---- Information supplied
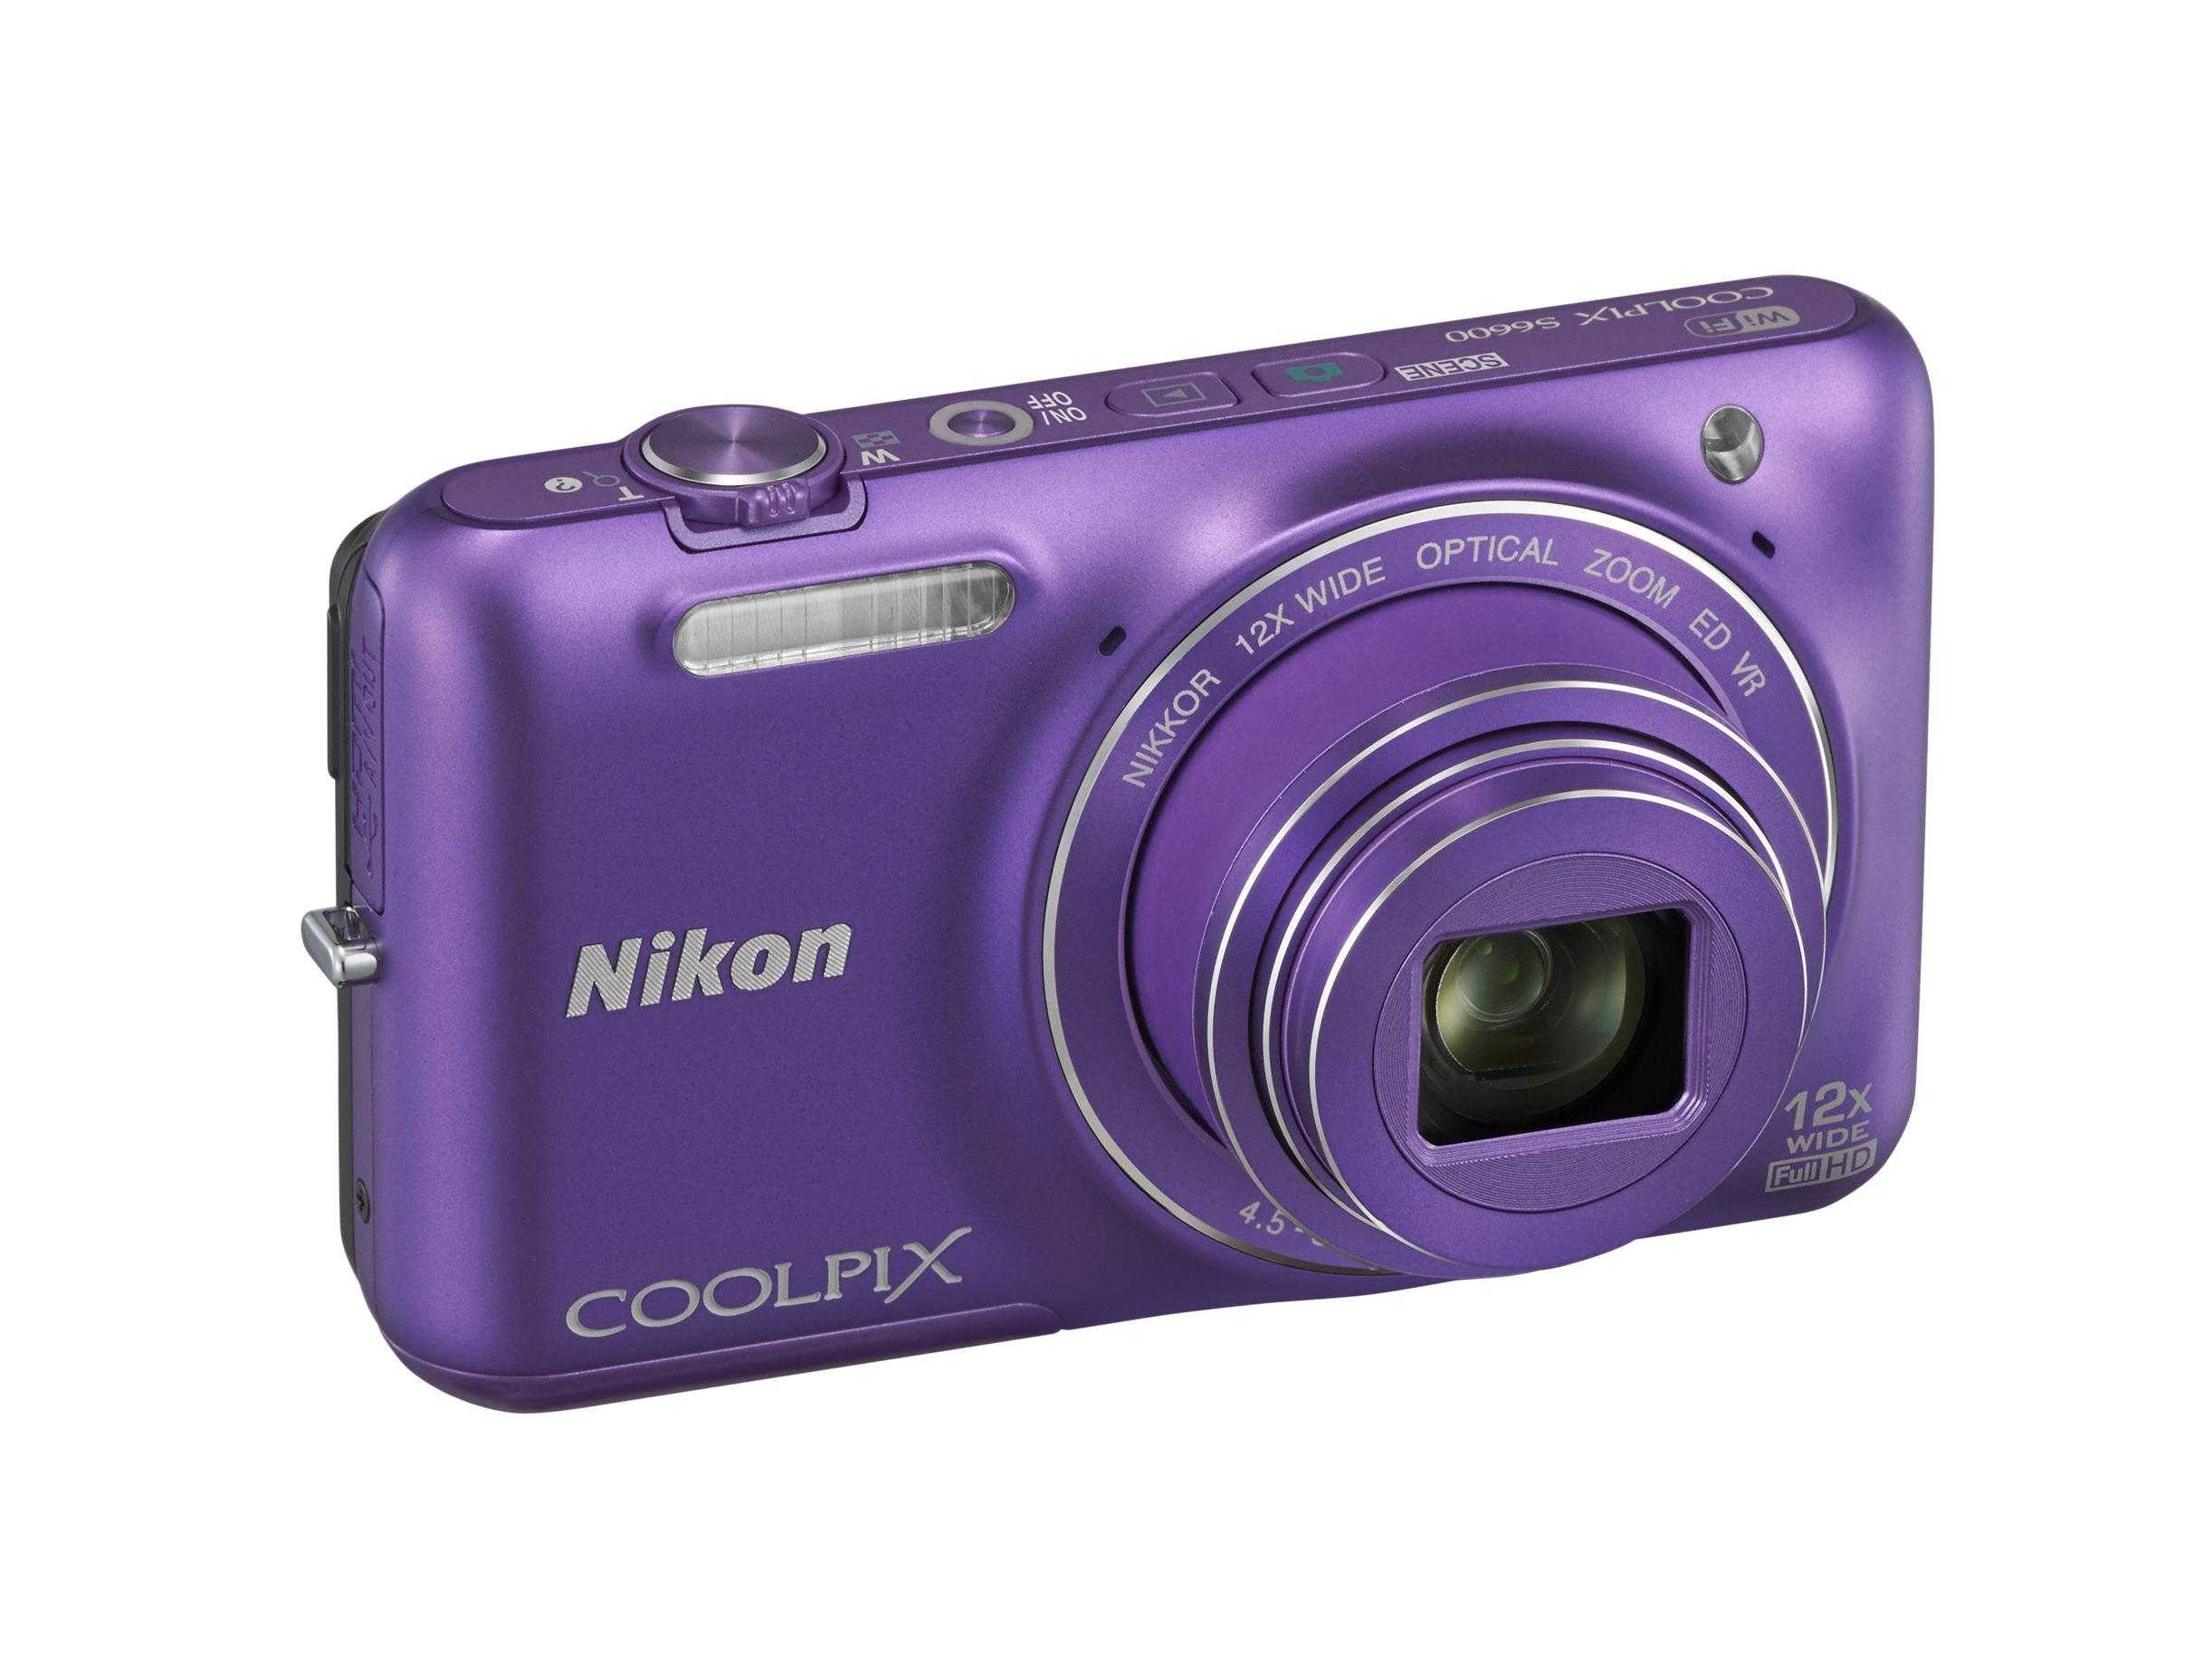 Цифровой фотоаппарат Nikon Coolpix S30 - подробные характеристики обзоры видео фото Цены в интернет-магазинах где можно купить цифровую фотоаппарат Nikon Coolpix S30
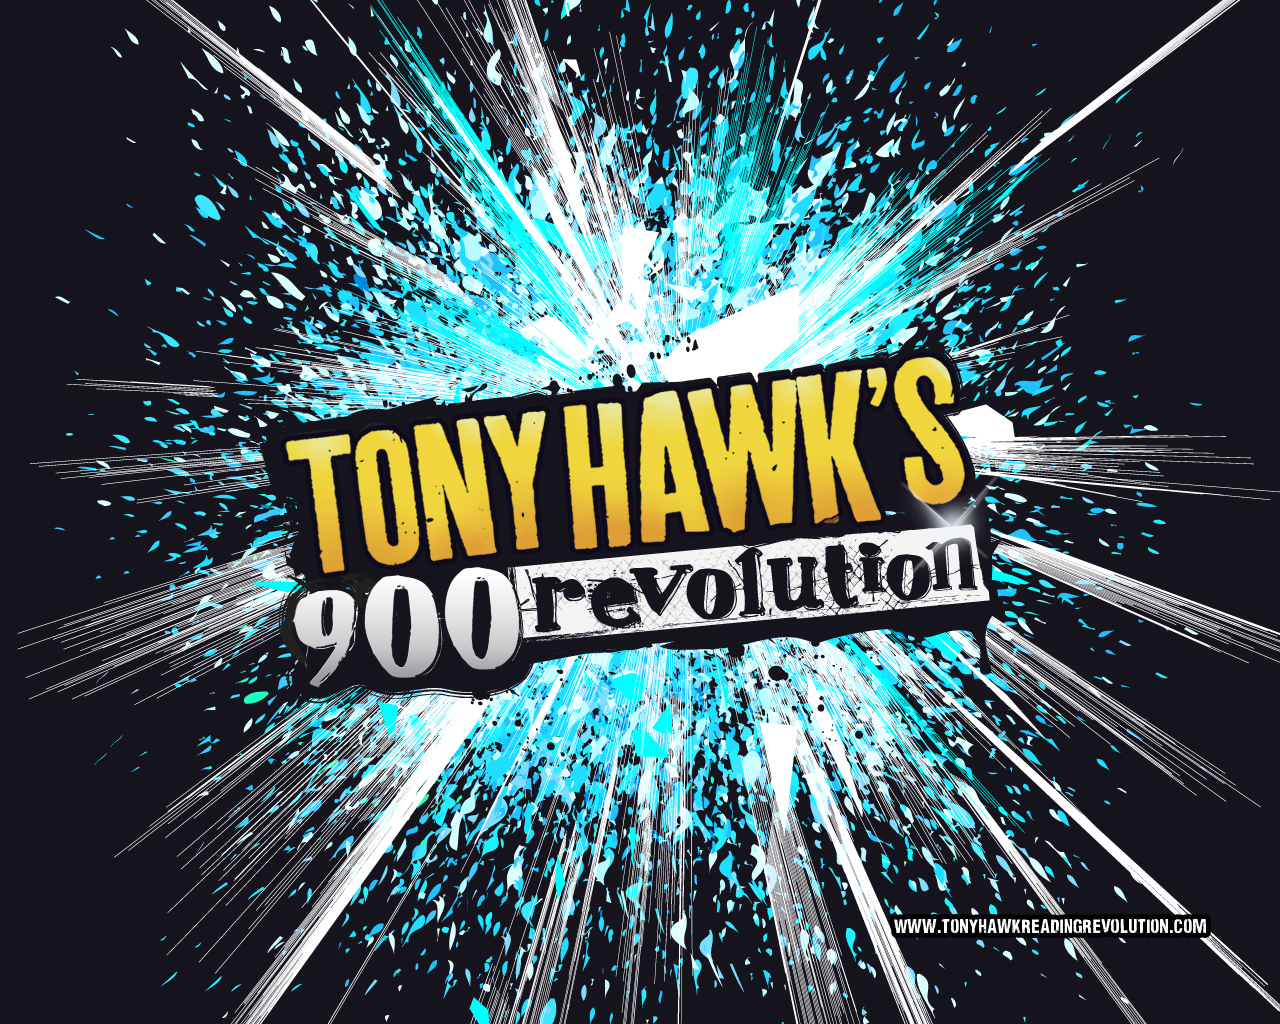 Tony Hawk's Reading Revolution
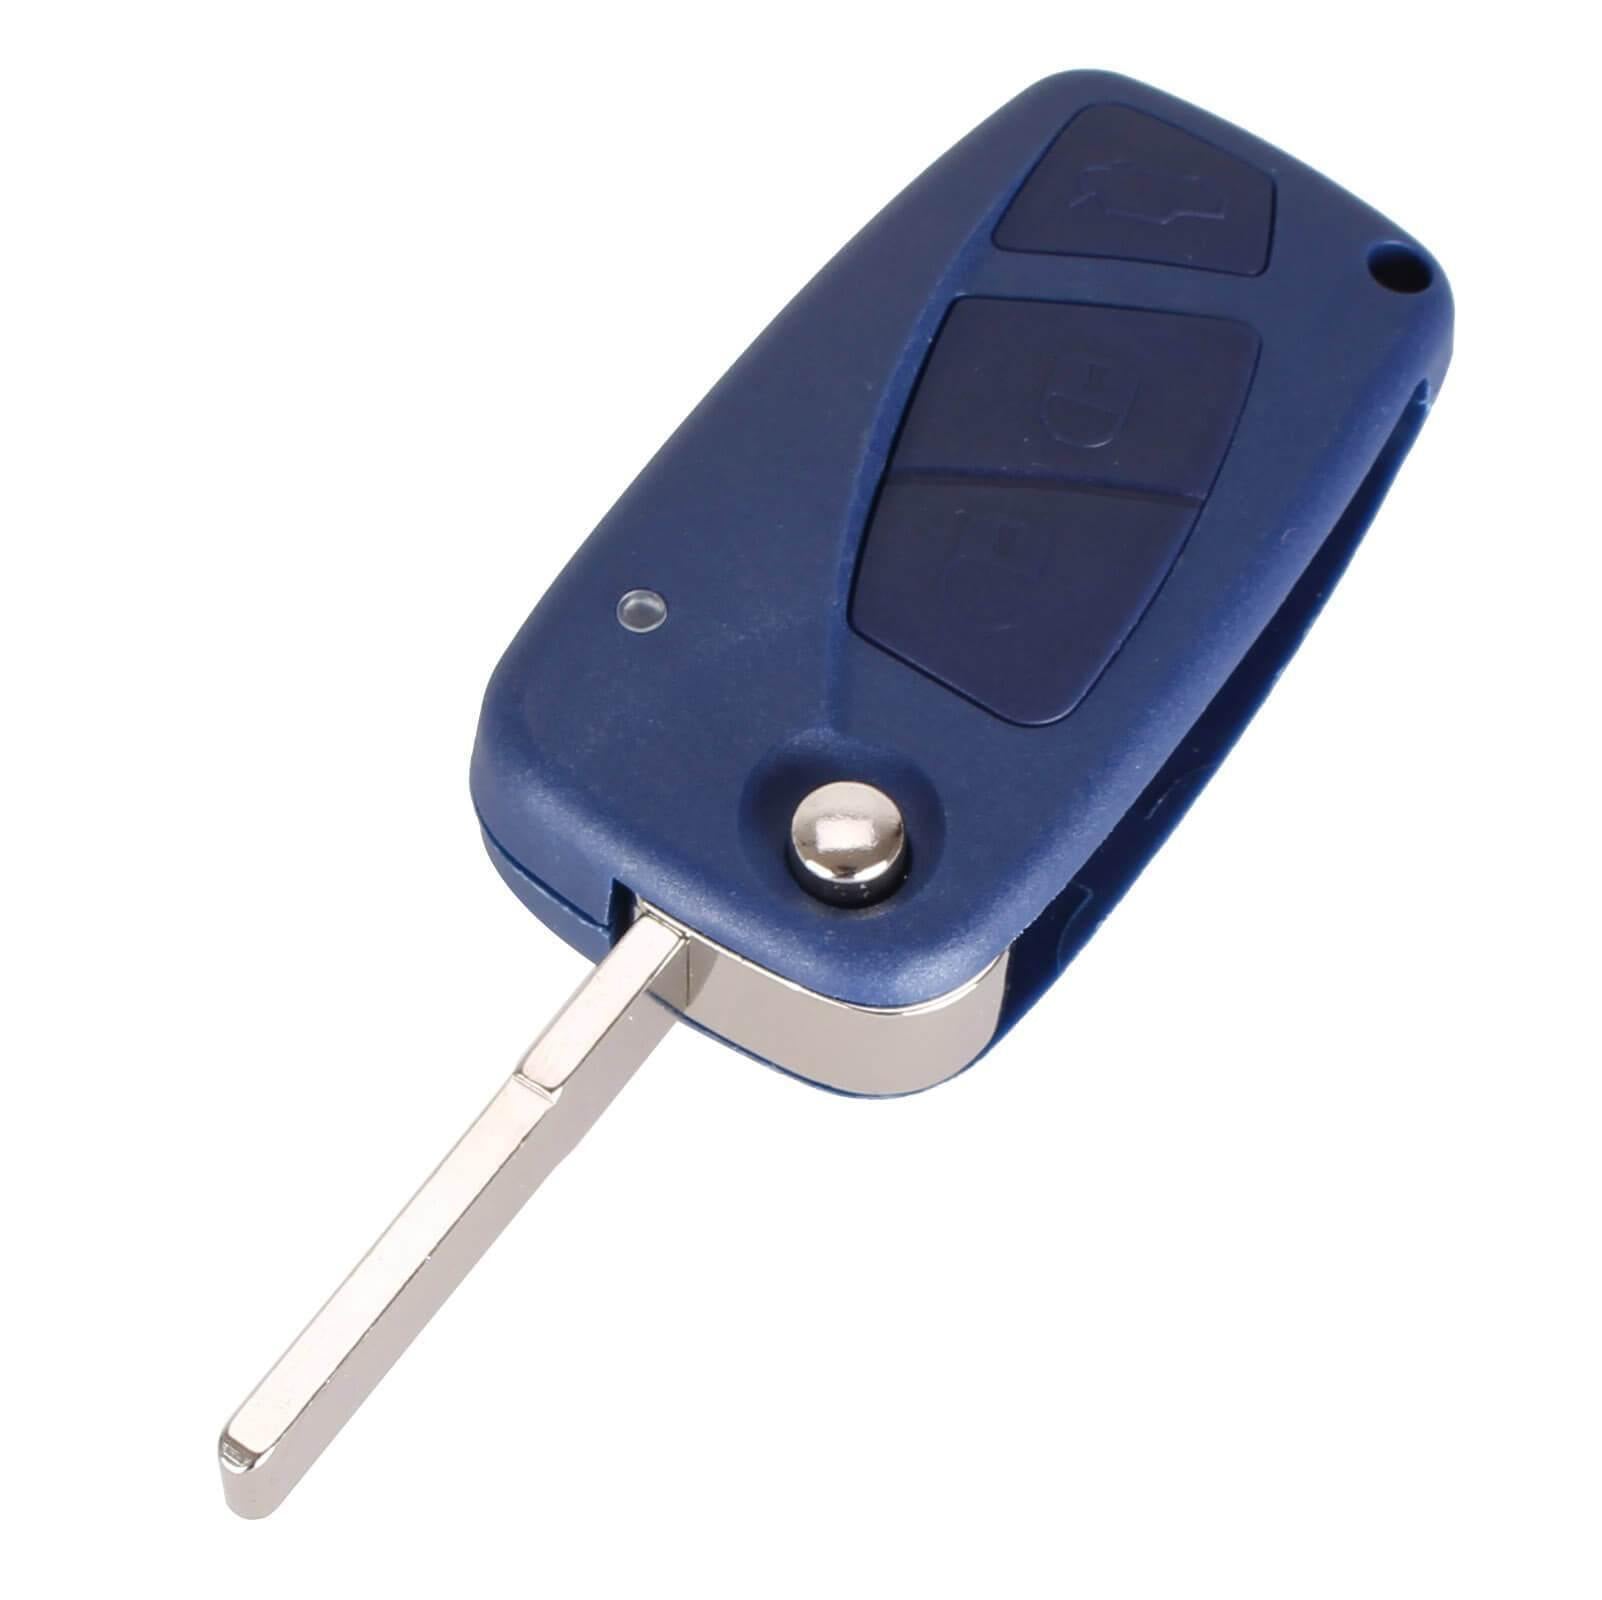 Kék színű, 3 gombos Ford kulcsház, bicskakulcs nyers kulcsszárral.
--------
What this task involves - Output, word for word, the full listing above, with no pictures.

Task result -
 Цифровой фотоаппарат Nikon Coolpix S30 - подробные характеристики обзоры видео фото Цены в интернет-магазинах где можно купить цифровую фотоаппарат Nikon Coolpix S30
 Tony Hawk's Reading Revolution
 Kék színű, 3 gombos Ford kulcsház, bicskakulcs nyers kulcsszárral.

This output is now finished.